§ **Data listing**
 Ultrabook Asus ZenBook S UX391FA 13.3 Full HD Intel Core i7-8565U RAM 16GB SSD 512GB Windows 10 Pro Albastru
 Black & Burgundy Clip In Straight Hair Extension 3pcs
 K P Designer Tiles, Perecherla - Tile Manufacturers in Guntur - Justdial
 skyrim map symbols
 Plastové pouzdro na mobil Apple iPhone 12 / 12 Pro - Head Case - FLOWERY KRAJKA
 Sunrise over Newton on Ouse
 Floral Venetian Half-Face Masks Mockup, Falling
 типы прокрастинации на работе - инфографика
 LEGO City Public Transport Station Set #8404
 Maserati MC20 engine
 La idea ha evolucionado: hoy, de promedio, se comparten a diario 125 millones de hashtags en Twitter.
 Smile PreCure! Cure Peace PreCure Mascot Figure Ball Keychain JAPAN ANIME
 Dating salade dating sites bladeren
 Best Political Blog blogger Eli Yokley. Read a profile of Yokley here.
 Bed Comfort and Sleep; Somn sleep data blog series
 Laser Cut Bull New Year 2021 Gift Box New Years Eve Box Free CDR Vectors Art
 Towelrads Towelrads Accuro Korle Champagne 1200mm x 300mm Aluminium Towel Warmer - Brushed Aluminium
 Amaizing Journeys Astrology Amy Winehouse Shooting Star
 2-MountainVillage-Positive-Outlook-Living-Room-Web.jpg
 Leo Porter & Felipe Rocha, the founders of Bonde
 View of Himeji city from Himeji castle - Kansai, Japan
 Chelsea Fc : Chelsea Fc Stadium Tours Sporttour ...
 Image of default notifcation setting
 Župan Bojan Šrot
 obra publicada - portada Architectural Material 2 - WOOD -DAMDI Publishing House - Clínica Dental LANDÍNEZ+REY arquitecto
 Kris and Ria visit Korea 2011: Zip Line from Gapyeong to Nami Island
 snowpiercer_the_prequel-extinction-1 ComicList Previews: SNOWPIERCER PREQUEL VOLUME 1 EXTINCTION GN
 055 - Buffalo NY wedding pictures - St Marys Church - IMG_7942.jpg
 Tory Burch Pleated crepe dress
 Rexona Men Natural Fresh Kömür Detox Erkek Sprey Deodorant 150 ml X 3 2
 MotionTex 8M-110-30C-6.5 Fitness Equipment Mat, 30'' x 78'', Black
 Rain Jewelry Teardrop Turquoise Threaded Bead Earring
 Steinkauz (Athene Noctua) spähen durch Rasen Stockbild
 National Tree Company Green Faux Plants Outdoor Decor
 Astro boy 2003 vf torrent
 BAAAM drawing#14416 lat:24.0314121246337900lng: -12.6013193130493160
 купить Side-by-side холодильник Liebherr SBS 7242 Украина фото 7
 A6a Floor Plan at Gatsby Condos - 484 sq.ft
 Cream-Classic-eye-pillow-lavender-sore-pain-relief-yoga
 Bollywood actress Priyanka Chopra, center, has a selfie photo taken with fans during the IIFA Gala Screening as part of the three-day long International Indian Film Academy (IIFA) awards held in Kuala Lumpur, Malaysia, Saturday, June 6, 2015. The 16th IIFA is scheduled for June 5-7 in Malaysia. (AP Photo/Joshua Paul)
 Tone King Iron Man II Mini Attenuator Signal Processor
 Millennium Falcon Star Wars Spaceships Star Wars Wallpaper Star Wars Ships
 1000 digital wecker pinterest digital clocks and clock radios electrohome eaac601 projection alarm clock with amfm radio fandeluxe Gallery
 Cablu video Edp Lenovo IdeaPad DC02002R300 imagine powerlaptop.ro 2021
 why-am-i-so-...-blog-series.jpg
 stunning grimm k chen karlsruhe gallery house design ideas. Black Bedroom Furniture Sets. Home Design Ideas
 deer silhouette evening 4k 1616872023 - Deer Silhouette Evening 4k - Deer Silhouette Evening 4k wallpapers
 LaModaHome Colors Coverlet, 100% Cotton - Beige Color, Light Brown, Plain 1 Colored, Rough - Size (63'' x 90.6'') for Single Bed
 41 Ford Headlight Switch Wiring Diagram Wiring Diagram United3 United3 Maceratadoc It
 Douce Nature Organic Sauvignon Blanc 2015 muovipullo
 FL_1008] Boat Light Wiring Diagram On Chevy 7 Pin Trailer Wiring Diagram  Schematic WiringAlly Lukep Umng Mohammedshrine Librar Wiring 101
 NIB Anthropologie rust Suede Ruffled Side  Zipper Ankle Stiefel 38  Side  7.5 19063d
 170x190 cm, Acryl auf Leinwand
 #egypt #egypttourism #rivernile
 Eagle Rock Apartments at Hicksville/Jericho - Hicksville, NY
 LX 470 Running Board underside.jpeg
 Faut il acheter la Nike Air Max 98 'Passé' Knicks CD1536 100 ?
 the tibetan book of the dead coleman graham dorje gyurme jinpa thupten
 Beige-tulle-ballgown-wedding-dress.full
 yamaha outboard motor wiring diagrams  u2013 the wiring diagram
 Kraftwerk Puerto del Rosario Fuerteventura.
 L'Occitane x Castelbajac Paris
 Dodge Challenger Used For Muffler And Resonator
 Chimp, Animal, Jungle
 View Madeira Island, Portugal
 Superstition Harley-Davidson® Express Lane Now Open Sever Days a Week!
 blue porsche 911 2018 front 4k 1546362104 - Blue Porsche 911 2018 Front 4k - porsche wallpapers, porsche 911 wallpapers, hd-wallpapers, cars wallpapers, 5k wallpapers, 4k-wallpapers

§ **Exercise instructions**
Reproduce, word for word and in full, only the lines above that start at the line with "Millennium Falcon Star" and run through the line with "the tibetan book", both ends included.

§ **Solution to this exercise**
 Millennium Falcon Star Wars Spaceships Star Wars Wallpaper Star Wars Ships
 1000 digital wecker pinterest digital clocks and clock radios electrohome eaac601 projection alarm clock with amfm radio fandeluxe Gallery
 Cablu video Edp Lenovo IdeaPad DC02002R300 imagine powerlaptop.ro 2021
 why-am-i-so-...-blog-series.jpg
 stunning grimm k chen karlsruhe gallery house design ideas. Black Bedroom Furniture Sets. Home Design Ideas
 deer silhouette evening 4k 1616872023 - Deer Silhouette Evening 4k - Deer Silhouette Evening 4k wallpapers
 LaModaHome Colors Coverlet, 100% Cotton - Beige Color, Light Brown, Plain 1 Colored, Rough - Size (63'' x 90.6'') for Single Bed
 41 Ford Headlight Switch Wiring Diagram Wiring Diagram United3 United3 Maceratadoc It
 Douce Nature Organic Sauvignon Blanc 2015 muovipullo
 FL_1008] Boat Light Wiring Diagram On Chevy 7 Pin Trailer Wiring Diagram  Schematic WiringAlly Lukep Umng Mohammedshrine Librar Wiring 101
 NIB Anthropologie rust Suede Ruffled Side  Zipper Ankle Stiefel 38  Side  7.5 19063d
 170x190 cm, Acryl auf Leinwand
 #egypt #egypttourism #rivernile
 Eagle Rock Apartments at Hicksville/Jericho - Hicksville, NY
 LX 470 Running Board underside.jpeg
 Faut il acheter la Nike Air Max 98 'Passé' Knicks CD1536 100 ?
 the tibetan book of the dead coleman graham dorje gyurme jinpa thupten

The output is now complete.